::: Recorded data :::

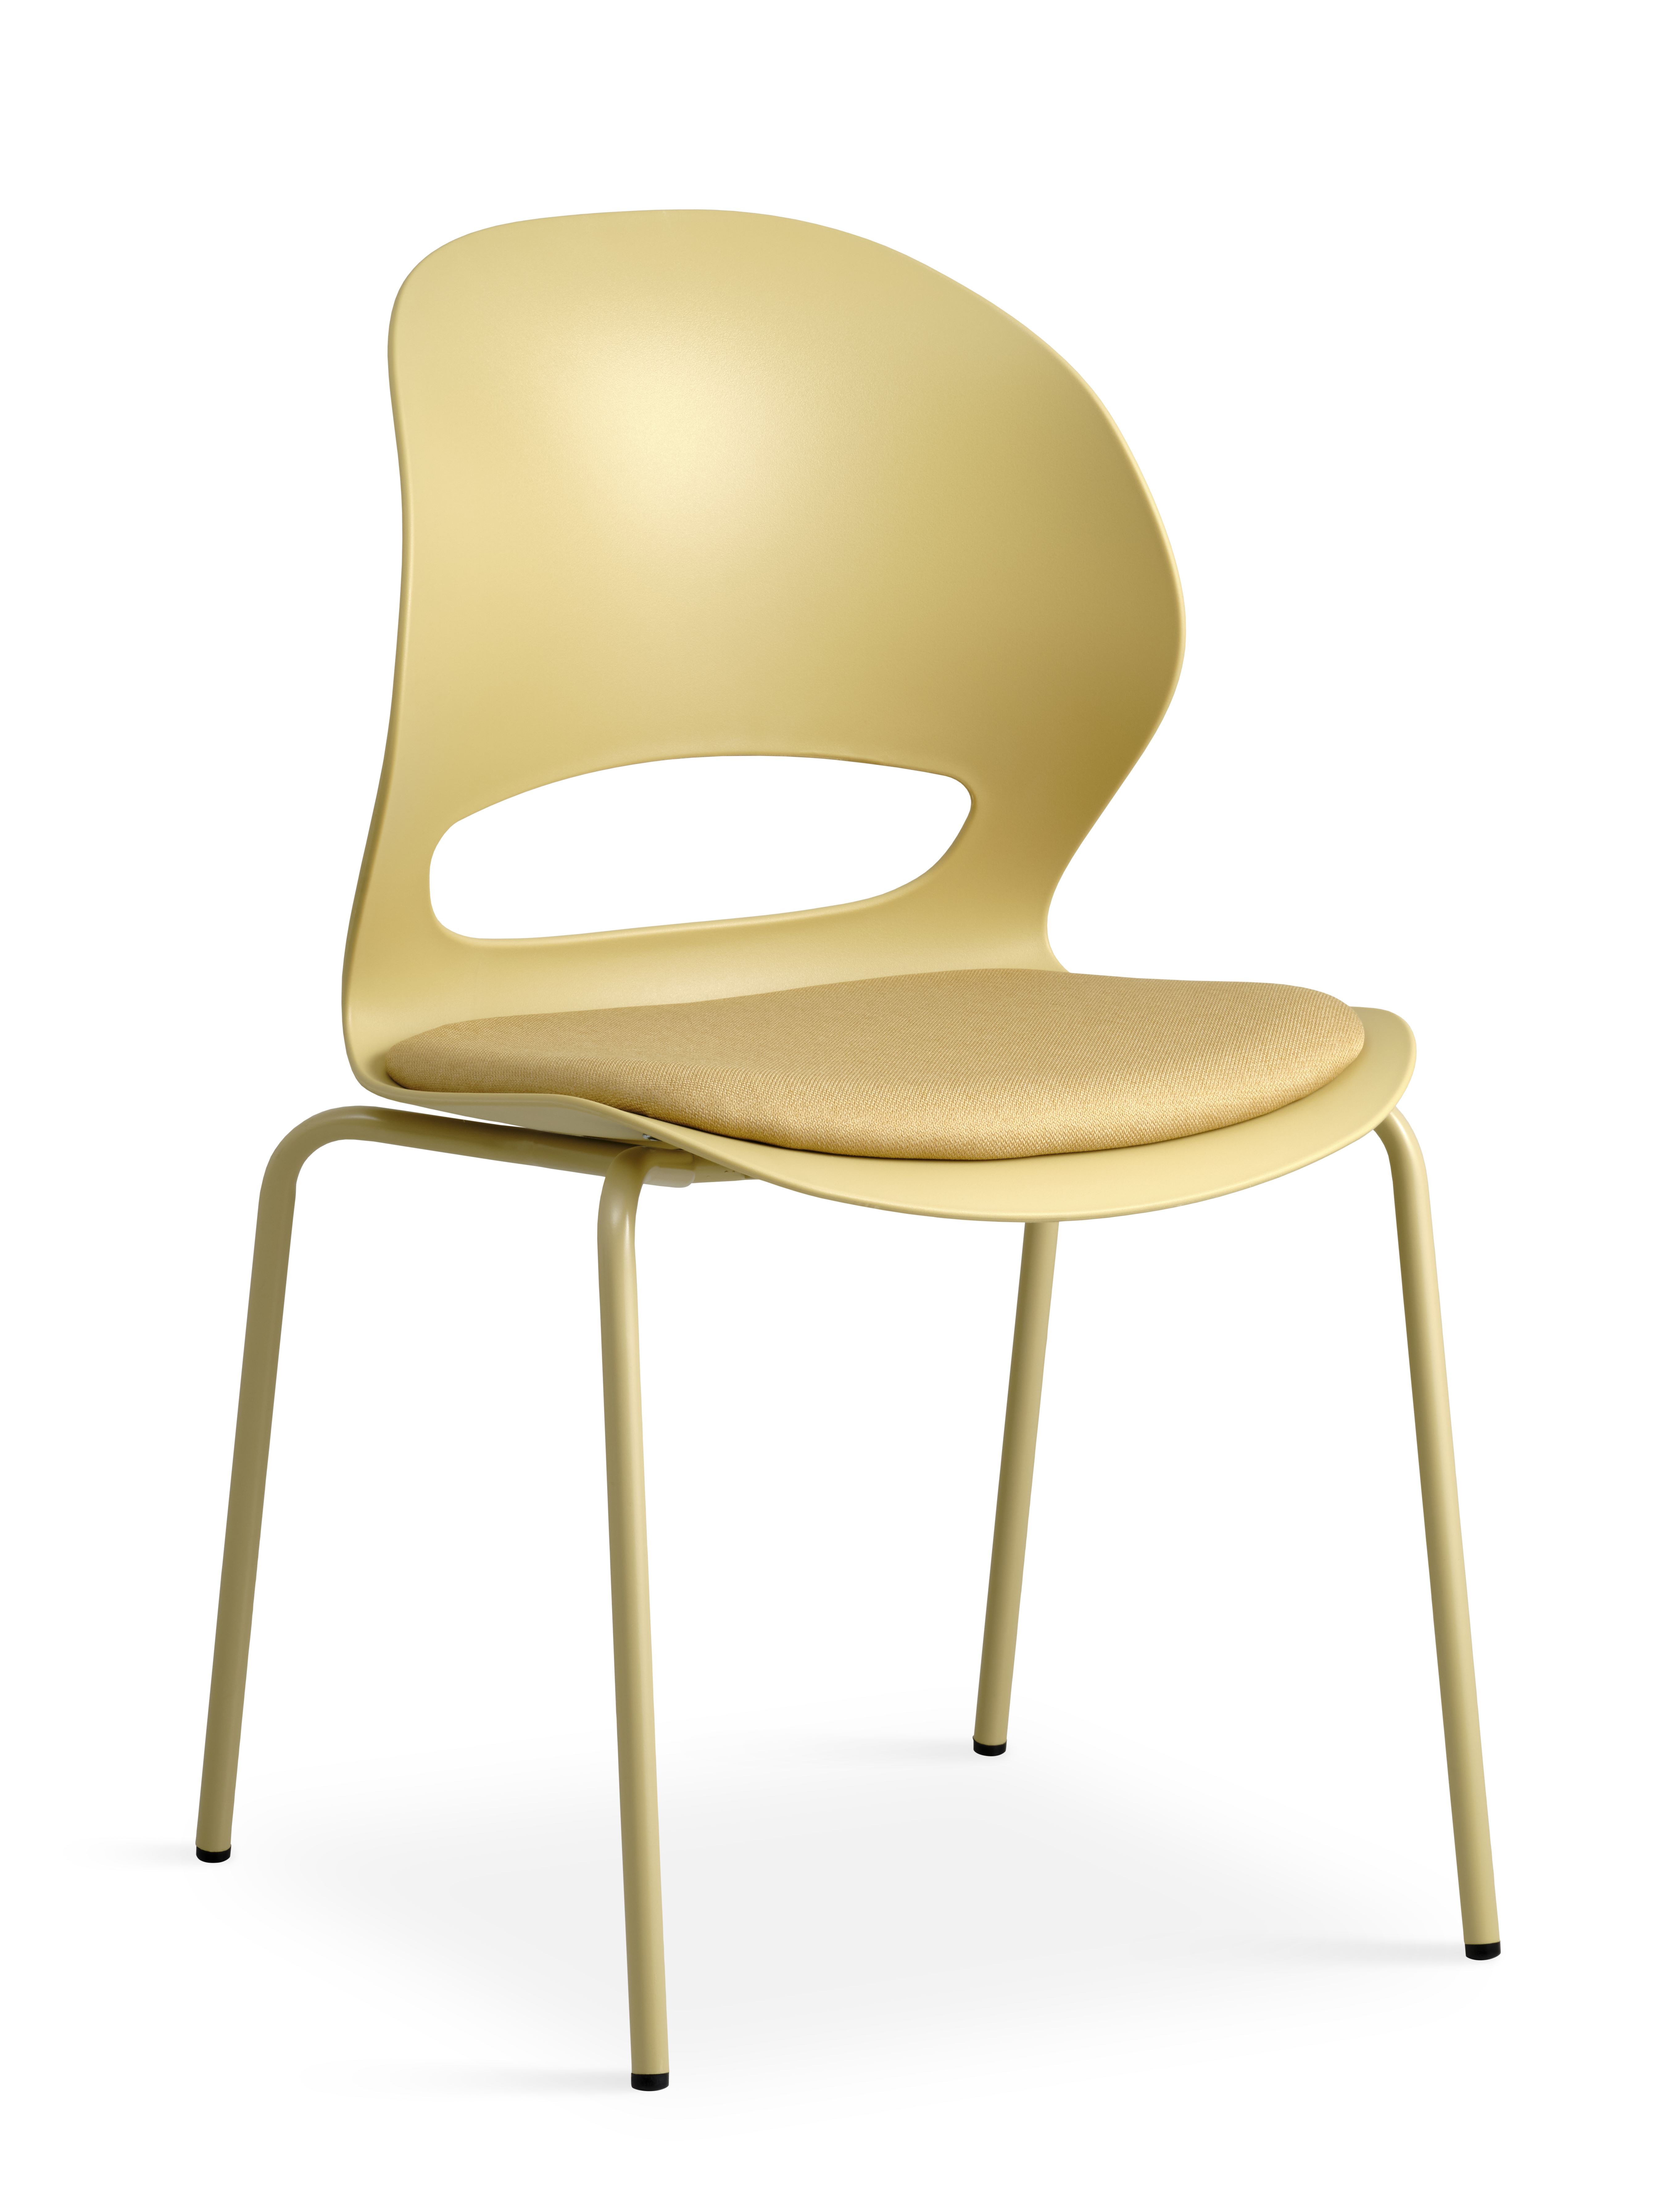 Linea spisebordsstol, m. sennepsgul stofhynde - sennepsgul PVC og sennepsgul metal
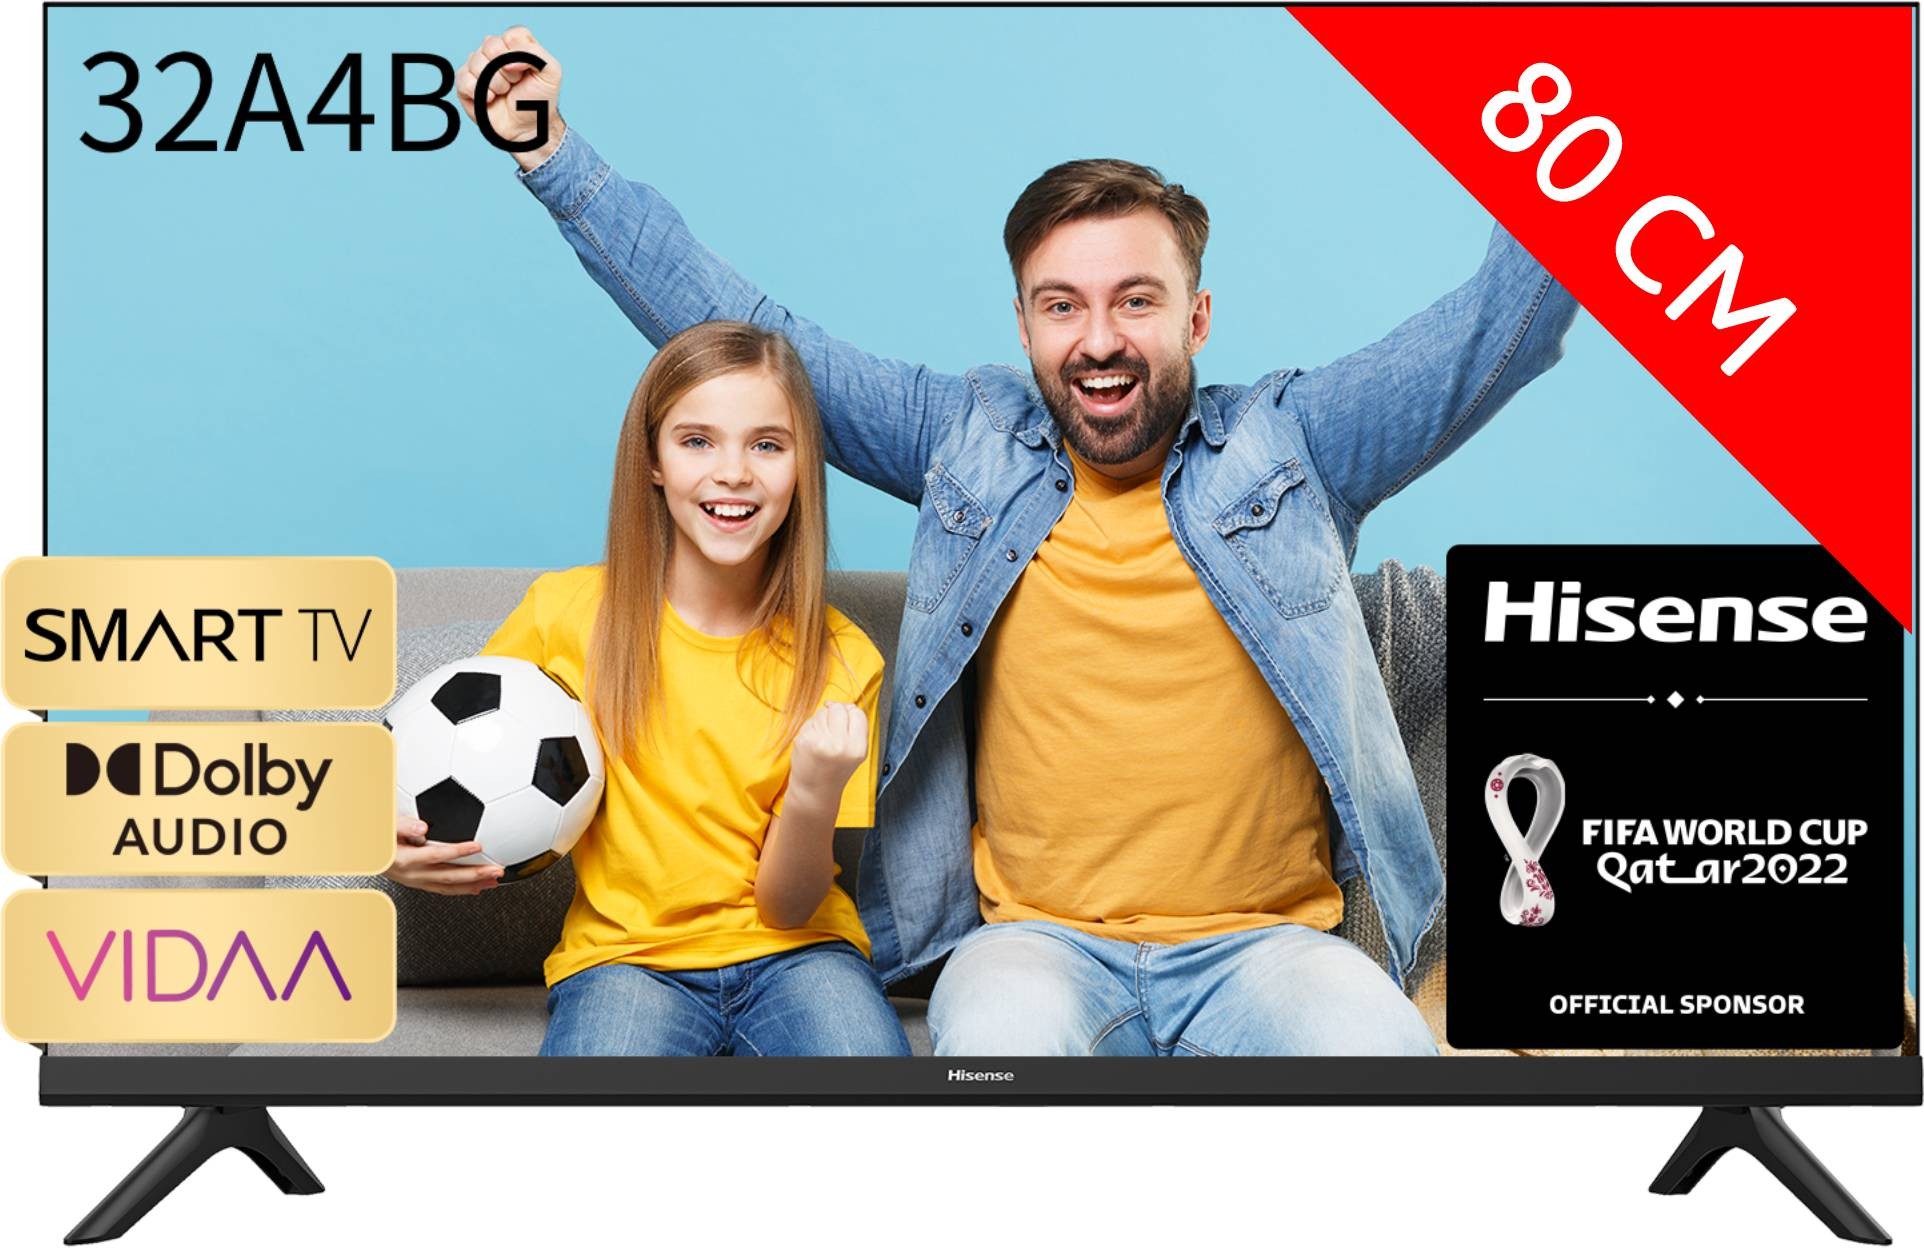 HISENSE TV LED Full HD 80 cm   32A4BG
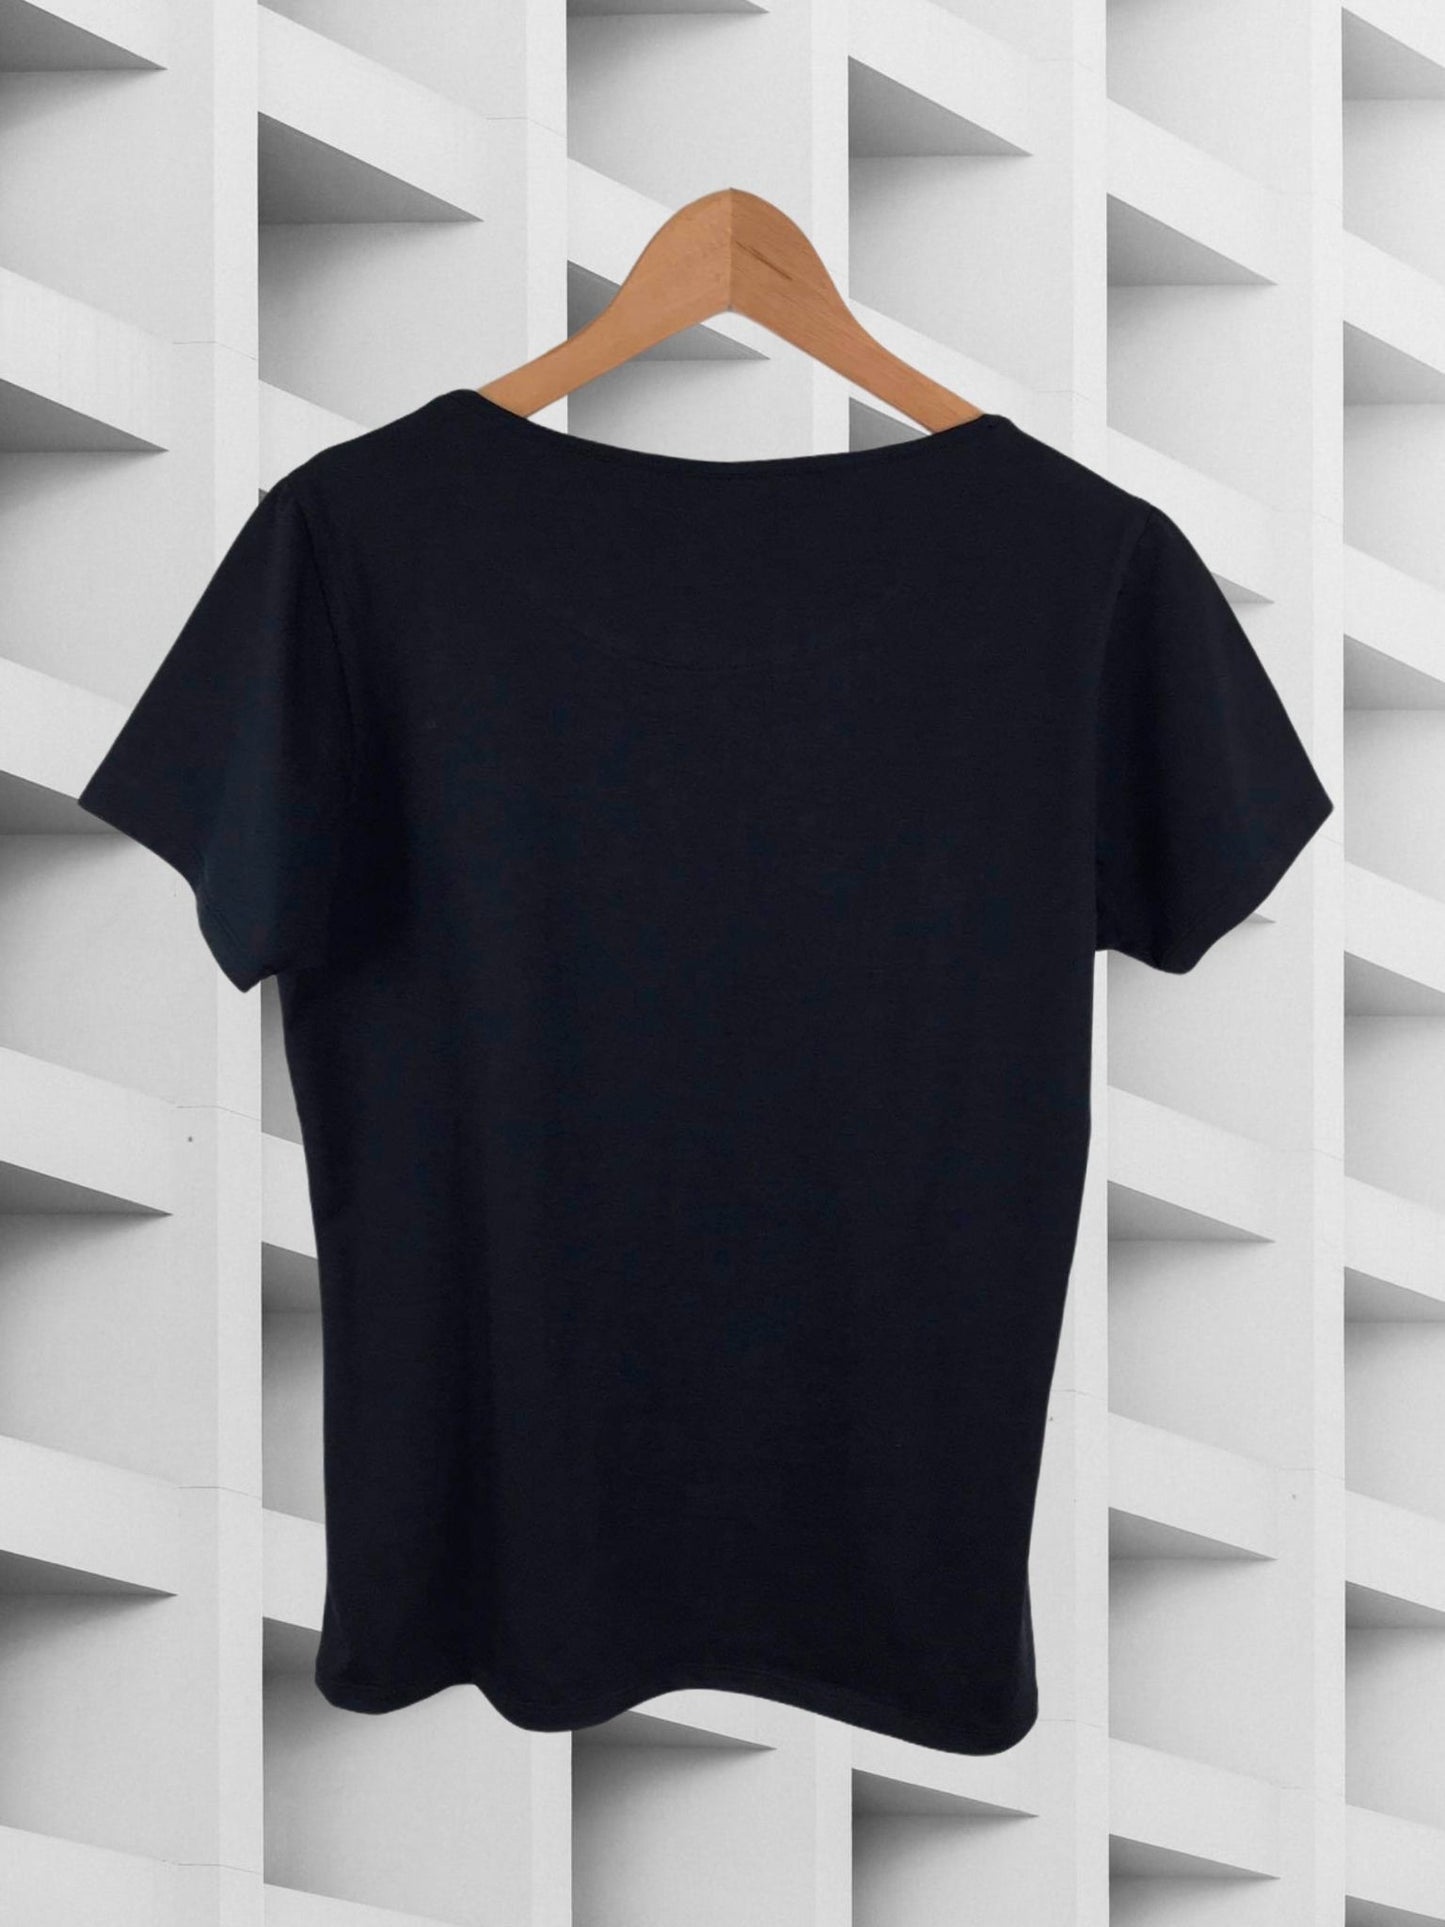 Elba Black cotton T-shirt

:::

_Instructions to follow:_ Reproduce the full listing above verbatim, with no pictures included.

_Result for this exercise:_
 Linea spisebordsstol, m. sennepsgul stofhynde - sennepsgul PVC og sennepsgul metal
 HISENSE TV LED Full HD 80 cm   32A4BG
 Elba Black cotton T-shirt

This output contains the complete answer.